Product portraits can be simply understood as labels for massive amounts of data. According to the differences in the attributes of the products, they are divided into different types, and then typical features are extracted from each type, giving them descriptions such as name, price, and category.

Product portraits have important application value in multiple business modules of Amazon’s cross-border e-commerce. For example, when operators want to understand the market profile of a new category, they can use product portraits to analyze the price distribution, review distribution, and sales distribution of the category; when operators want to optimize their own listings, they can also use product portraits to analyze the price strategies and operation strategies used by various competing products in different life cycles of their listings, thereby improving operational efficiency.

In the front-end interface of the Amazon platform, almost all the data built by the product portrait system can be obtained. Taking the exposure results of the search keyword “Sort by Featured” for the category “Clothing, Shoes & Jewelry” on the Amazon platform’s US site as an example, we will explain what product data can be obtained in this search interface.
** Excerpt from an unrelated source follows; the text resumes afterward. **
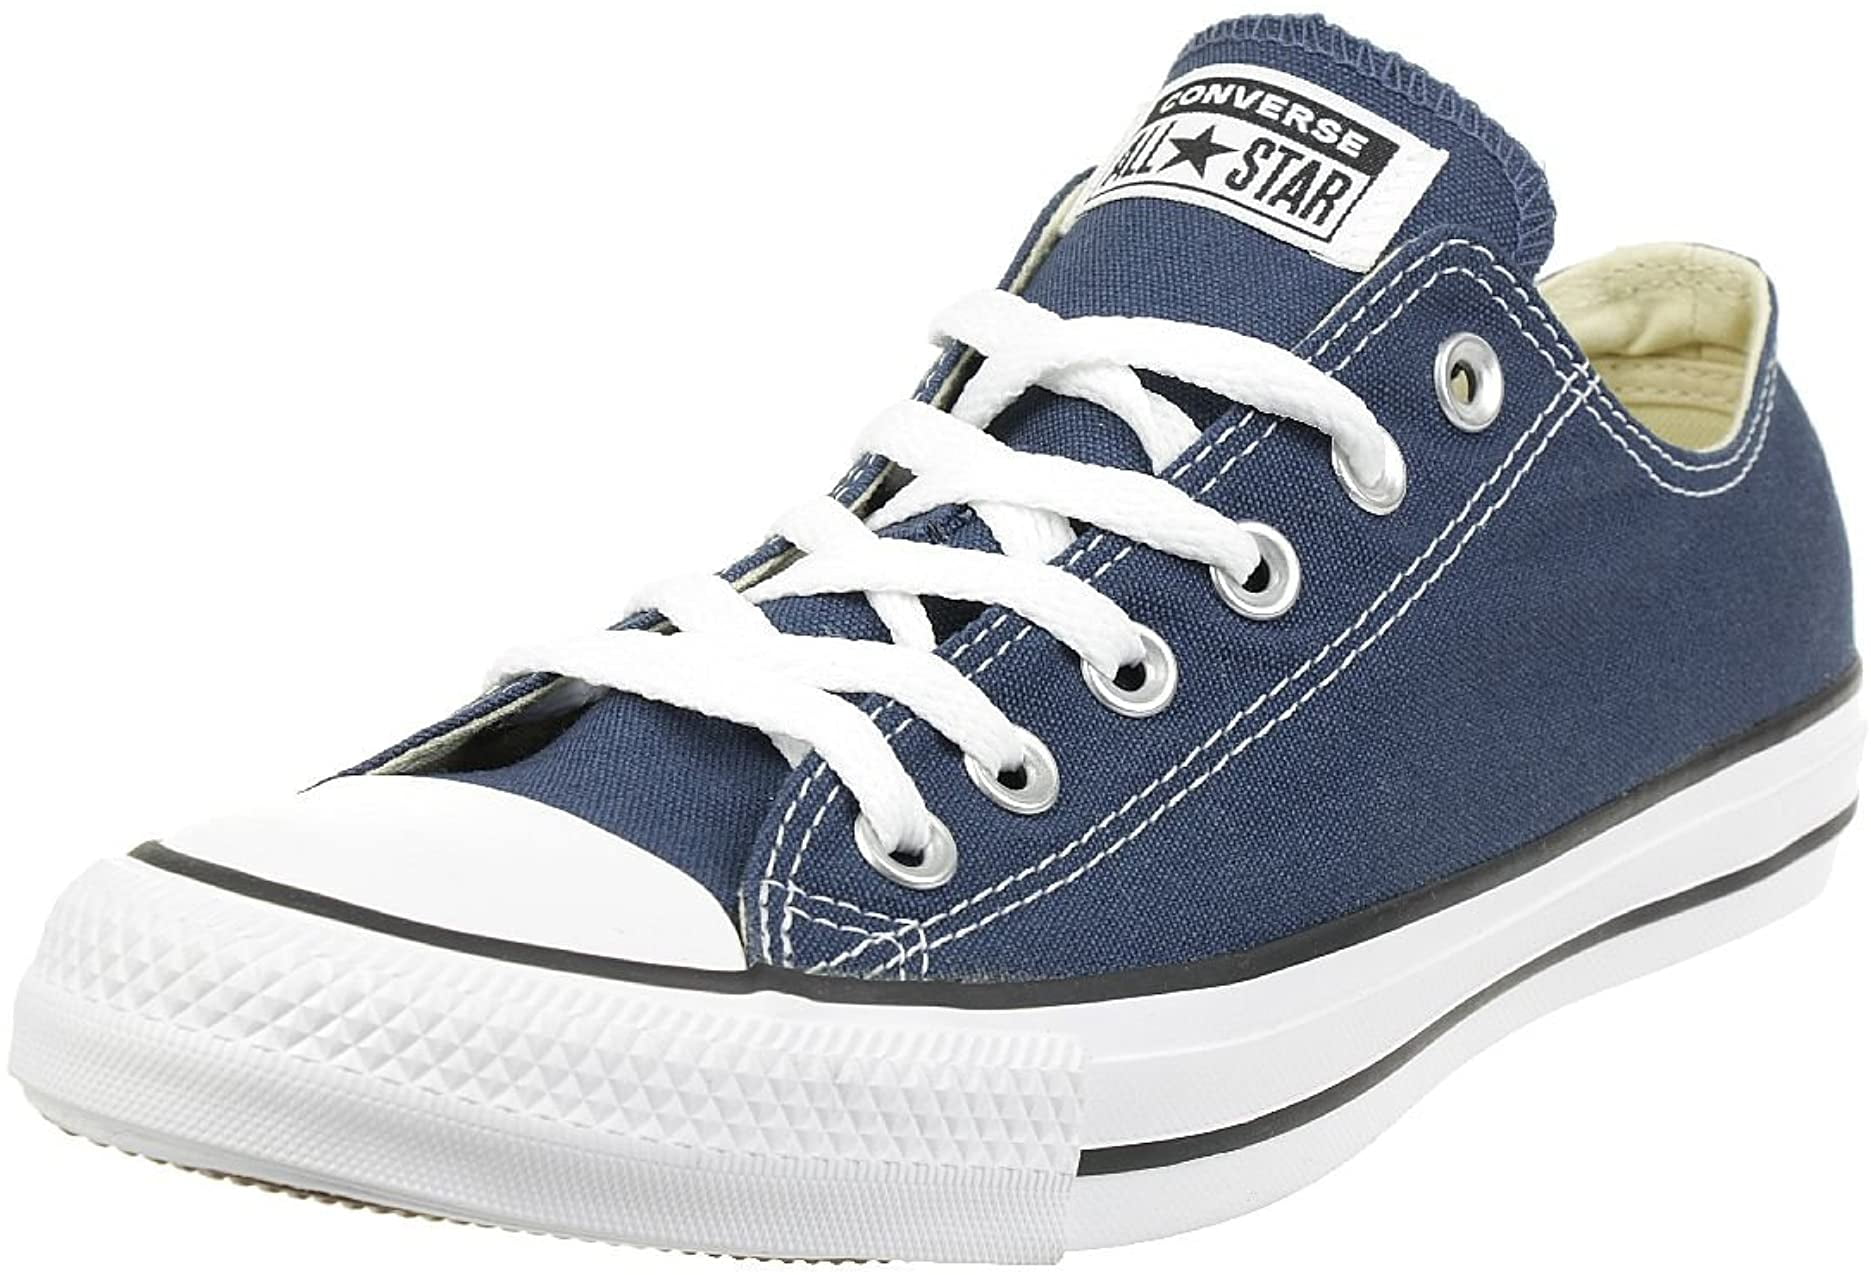 Converse Chuck Taylor All Star Low Top Ox Unisex Sneakers - - 4.5M/6.5W - Walmart.com

1. Search exposure page data

The so-called “search exposure page” refers to the front-end page that consumers see after searching for keywords on the Amazon platform.

It should be noted that when obtaining the front-end data of the Amazon platform, select the specific product category after entering the keyword, otherwise the number of products exposed at the front-end may not be complete.

Selecting “All Departments” and “Clothing, Shoes & Jewelry” will result in different numbers of exposed products.

1. Number of exposed products

When the user enters a specific keyword in the Amazon search box and selects a specific category, the front-end will display the exposed products under the keyword, and the number of exposed products and the number of exposed pages will also be displayed.

The data related to the number of exposed products can be used as a reference in both keyword optimization and market analysis. Operators can use this value to determine the volume of product data that can be obtained under a keyword.

Generally speaking, the more “big words” a category has (such as “dress”, “blouse”, “T-shirt” and other words in the clothing industry), the more exposed products there are, and the more accurate the user portrait built through these exposed product data is.

2. Product title data

The product title is the most basic information for each exposed listing.

Getting the product titles of all exposed products under a keyword can help operators determine the changes in high-frequency title vocabulary in different search rankings through word frequency analysis, and thus apply it in new product listings, listing optimization, advertising optimization and other fields.

3. Product image data

Product image The picture data refers to the main picture of each exposed product.

4. Product price data

Product price data refers to the exposure price of each exposed product.

5. Product review data

Product review data consists of two parts, the first part is the review score, and the second part is the number of reviews.

6. Other exposure page information

There is some other exposure information on the search exposure page, such as product promotion information, brand name information, “prime” service mark information, etc. This type of information is not very effective when building a product portrait system. Operators can consider whether to obtain this data based on their own business needs.